Lyrics

Baby Boys: The Freaks Come Out at Night

photo credit: Graham Tolbert

It’s only fitting that Caleb Hinz and Jake Luppen, two-thirds of the Saint Paul, Minn., pop-eccentrics Baby Boys, met in 10th grade chemistry class. On the trio’s debut LP, Threesome, their music—which splices ecstatic vocal loops, blown-out percussion, electronic bleeps and bloops, tropical guitars and stuttering found-sounds—explodes like a science experiment. But Baby Boys don’t blow their own eyebrows off; instead, they’ve somehow already made one of the most oddly appealing and blindingly creative albums of the year. When the high-school pals and Nathan Stocker launched Baby Boys in 2018, years after their last class, they were immediately ready to explore the blurry fringes of pop. “In the early stages, we wouldn’t meet up until midnight and then we’d work until 5 or 6 in the morning,” Luppen says. “The freaks come out at night.” Hinz describes their process as, “jumping into a tornado until the sun comes up.” All three Baby Boys are producers and multi-instrumentalists; they often base their sound collages on melodies initially captured on their iPhones and have been known to record gang vocals by singing into a single microphone. “The iPhone is one of the instruments we utilize the most,” Stocker admits. “Lots of voice memos.” The finished songs, though, are anything but lo-fi.
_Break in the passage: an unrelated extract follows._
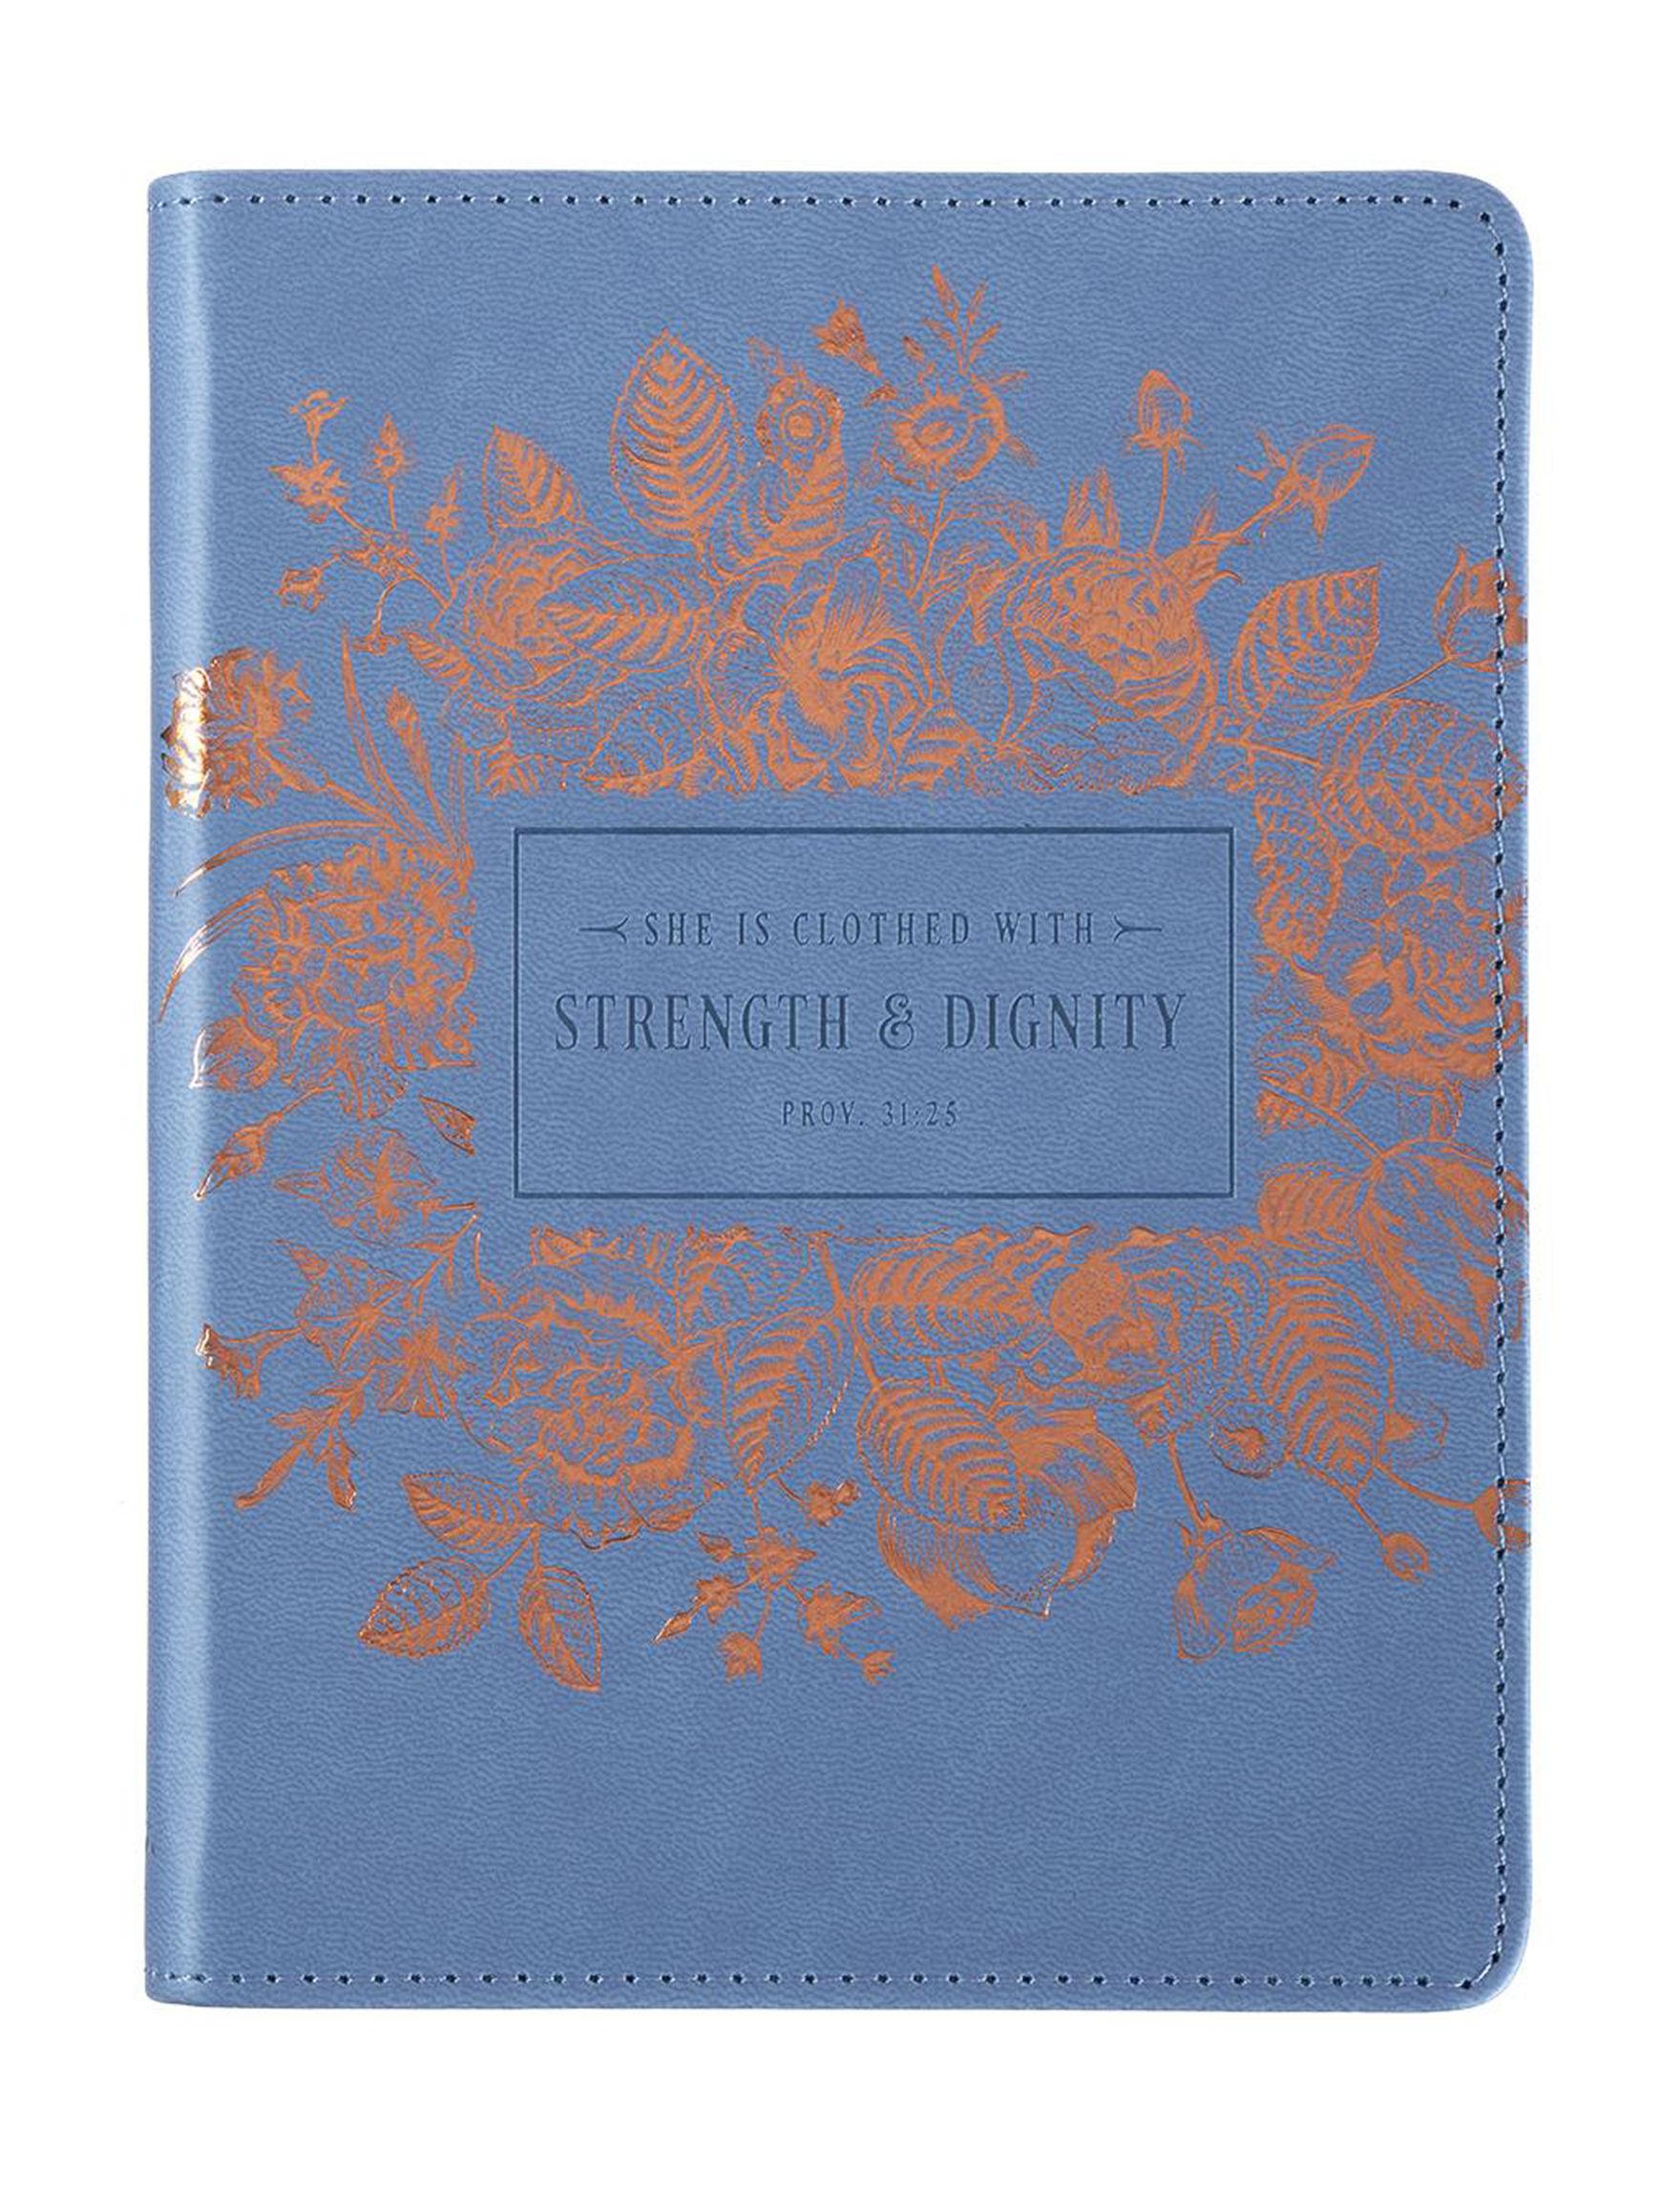 Christian Art Gifts Blue / Multi Journals & Notepads School & Office Supplies

Threesome’s 10 tracks buzz with energy and overflow with loose ideas that have been shaped into genuinely catchy, eminently hummable freak-pop nuggets. Like The Books or Dan Deacon before them, Baby Boys are all about the layers—stacking disparate sounds into thick layers until they lock in and complement each other. On “Backgammon,” they pile ratatat electronic pulses and stinging static atop a meditative acoustic guitar loop, with a vocal melody hovering above it all. From their absurdist lyrics to their album art (all three tonguing a microphone), Baby Boys insist that lightness is the key. The video for the band’s first single “Cannonball” follows an elderly, bearded rollerblader skate-dancing through the suburbs. “Humor is a beautiful thing,” Luppen says. “In all the other projects we’ve worked on, it’s always felt very life or death. It was a dream to work on something that was only life.” To Hinz, Baby Boys boils down to three friends asking: How far can we take this? “I hope that fellow creators and musicians get inspired to break their own rules,” he says. “And I hope that [Threesome] sets an example for how far things can be pushed.”